The only problem with the spraybooth is that it is REALLY noisy.(maybe 100
db) The noise is not so much from the motor, but from the fan blades and the
actual wind noise.(this thing really sucks) My solution to this problem is
to use foam earplugs rated at 33 db reduction when I spray, and to really
really crank up the stereo...

Of course I still use a good respirator with pre-filters when spraying,
mixing glazes, etc. Respirators have really come a long way in recent years.
I got a new one from 3M, and it is far superior to the old black rubber
"Mine Safety" model I had been using for 20 odd years.
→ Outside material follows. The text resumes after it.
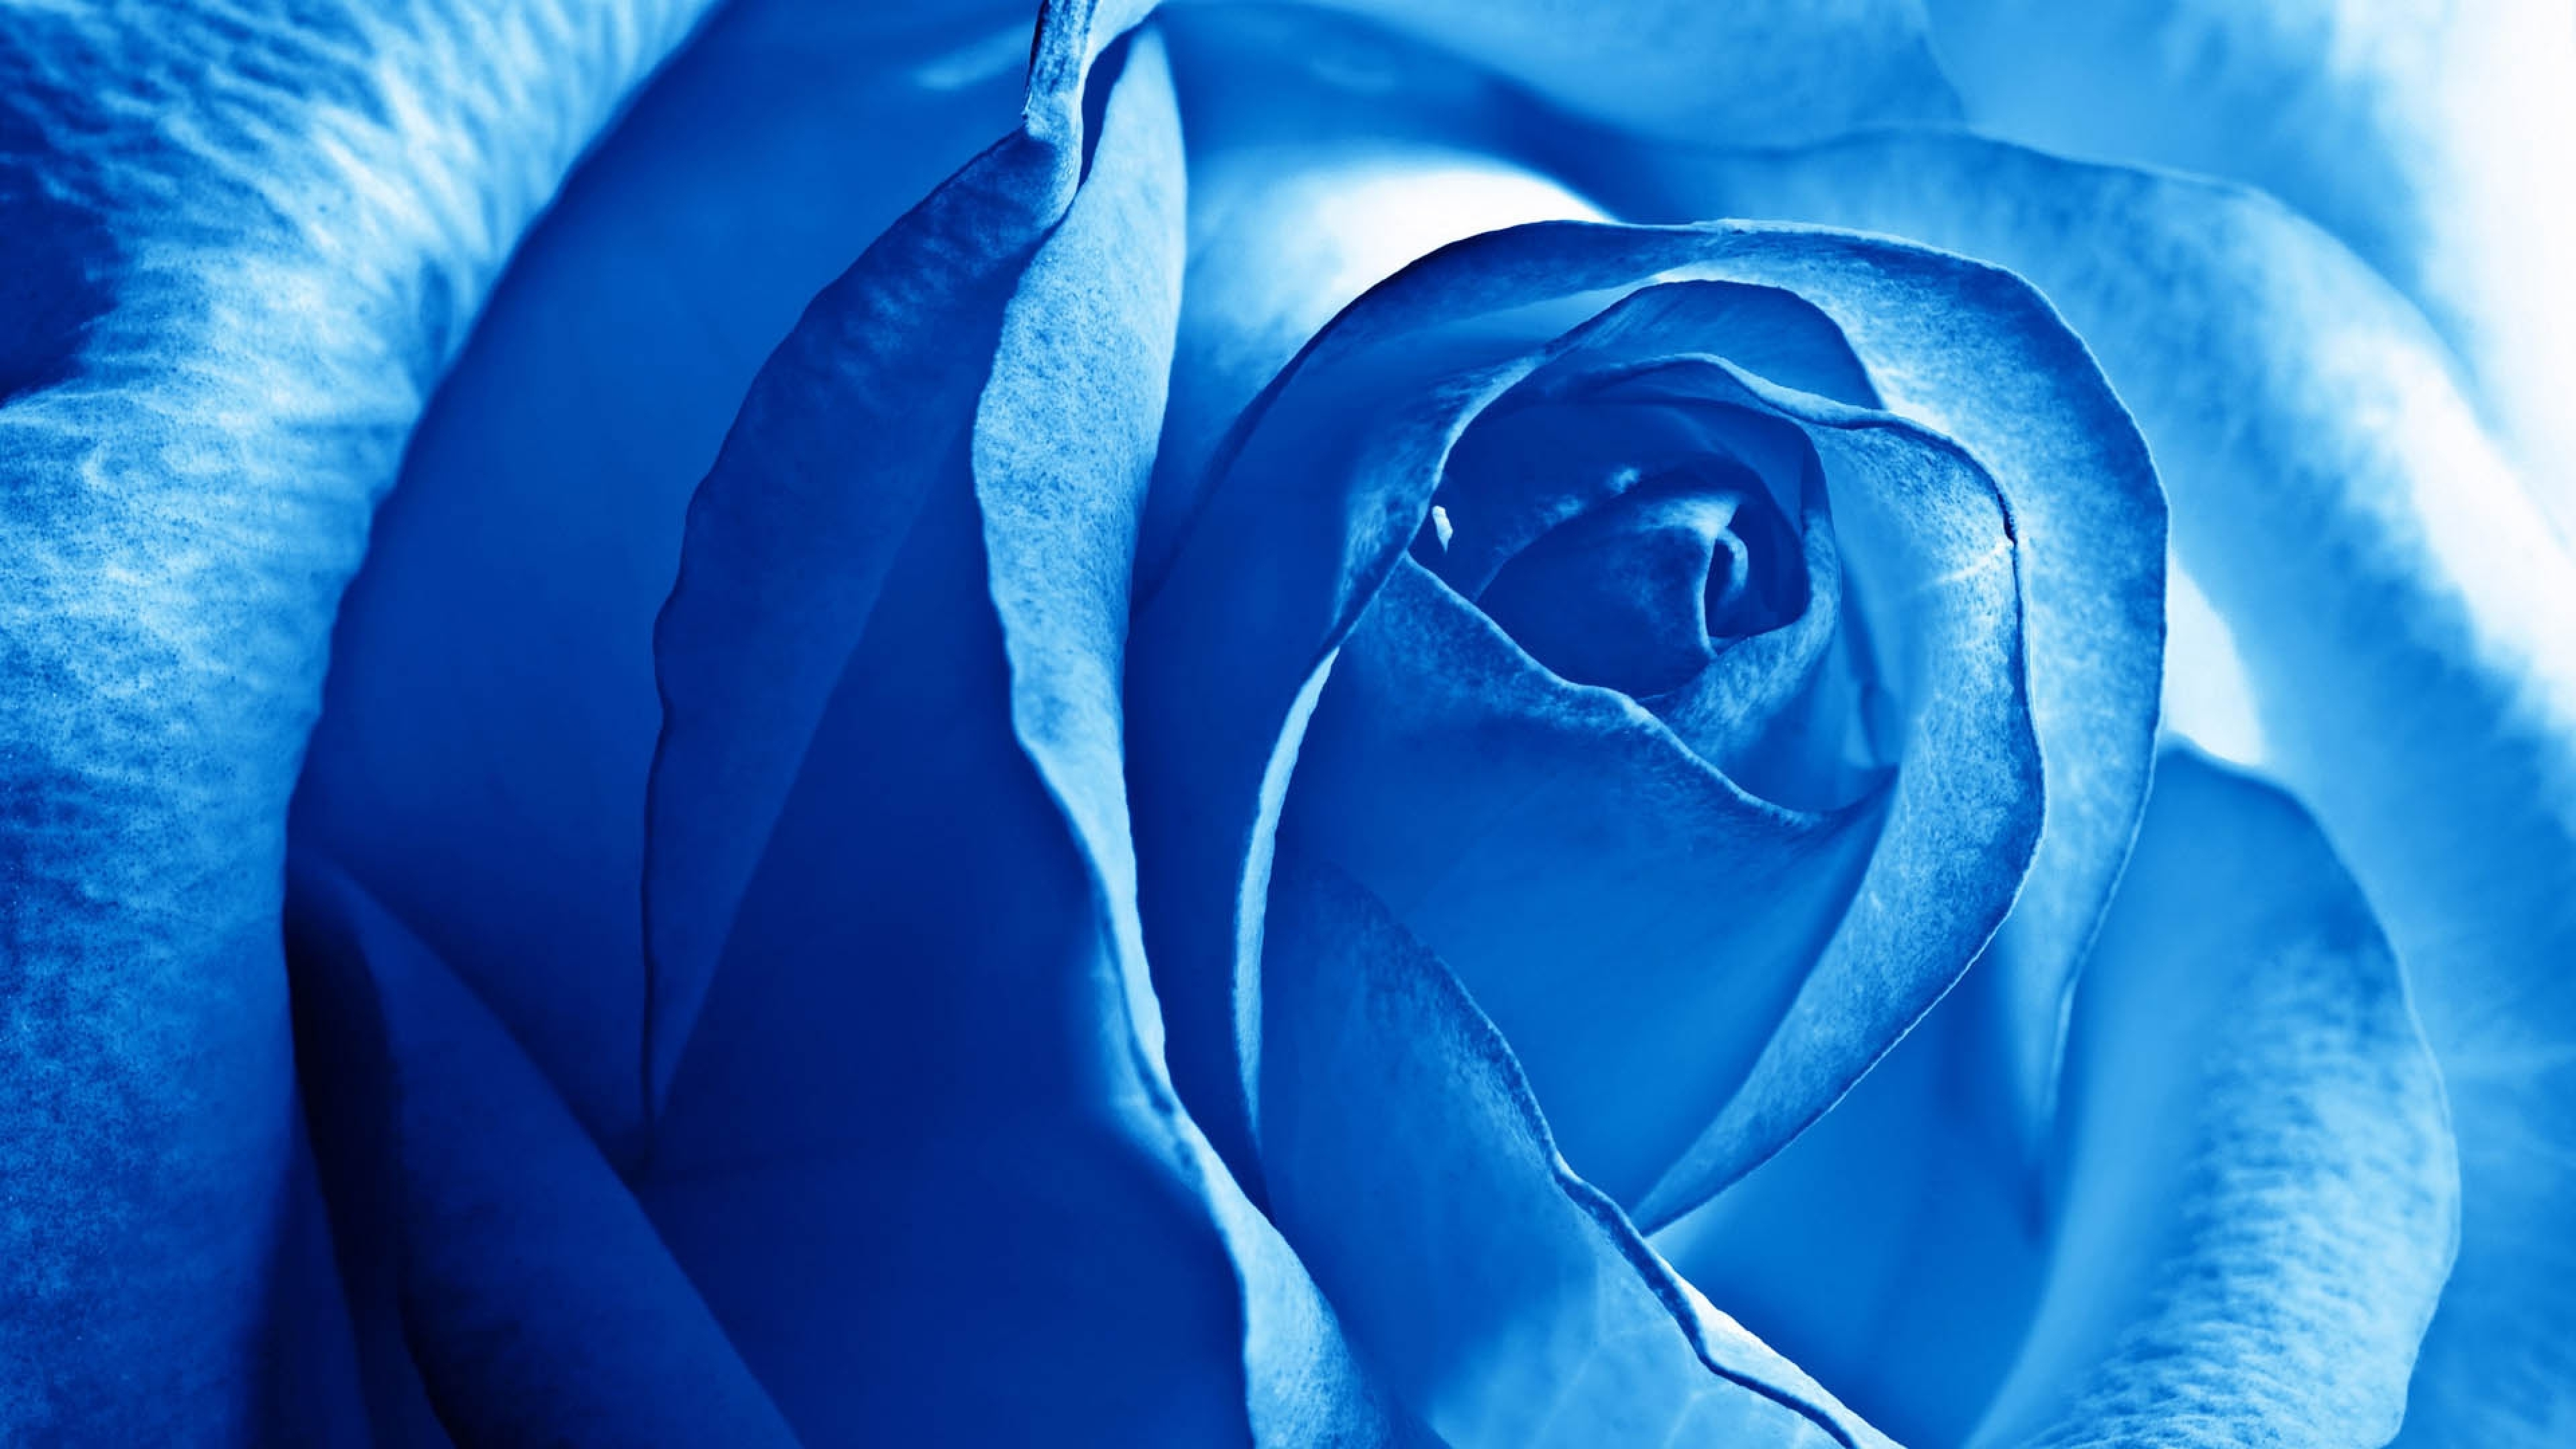 Blue Rose iPhone 12 Wallpaper 4K

It is made of soft
silicone like a skin divers mask, doesn't leave much of a mark on your face
after wearing it for hours, and it doesn't stink like inner tubes!

In fact it is so good, that when I take it off, I am always momentarily
overwhelmed with the normal smells of the studio after breathing sterile air
for an hour or more.

Here's the blurb & a web source:
http://www.envirosafetyproducts.com/html/Subcategories/7500series.htm

"NEW Half Facepiece Respirators - 7500 Series - Ultimate Reusable
Years of research and development went into the creation of the new 7500
Series half facepiece respirator. Experience a new level of comfort as a
result of state-of-the-art features built into the 7500. Features such as
the new soft seal design provide a softer feel and reduces pressure points
on the face. The Cool FlowT Exhalation Valve will help make breathing easier
and help reduce heat and moisture buildup in the facepiece. Extensive field
testing results have shown that customers prefer the 7500 to their current
respirator."

One last thing on breathing protection. If you just feel too claustrophobic
to wear a regular respirator, you CAN get protection from up to 95 percent
of harmful silica and spray particles with certain paper masks. In the US
they must be NIOSH rated for dust/mist hazard (on the mask stamped N95), and
usually include two straps, a rubber seal, and an exhalation valve. They
must be worn properly, and cost about US $3 each in a box of 10.

Finally, I'm also a big fan of protecting my hands. I never put my bare
hands in glaze, slip, plaster, or chemicals of any kind. I wear the recently
discussed nitrile gloves, in the 5 mil thickness. The great thing about
nitrile is that when they fail, they fail completely- literally falling off
your hand. You never get a pinhole leak in one of the finger tips, that goes
undiscovered until your finger has turned into a prune.

One pair of gloves can last a week or more, and I NEVER have cracked or
badly damaged skin on my hands... . I don't throw on the wheel, but I'm sure
that if you got the right size, you could use them for that. (they come in 5
sizes)

I hope some of this is helpful.

Best, DMH

From Beautiful Hermosa Beach CA.USA
Where the baby dolphins have been feeling frisky all month!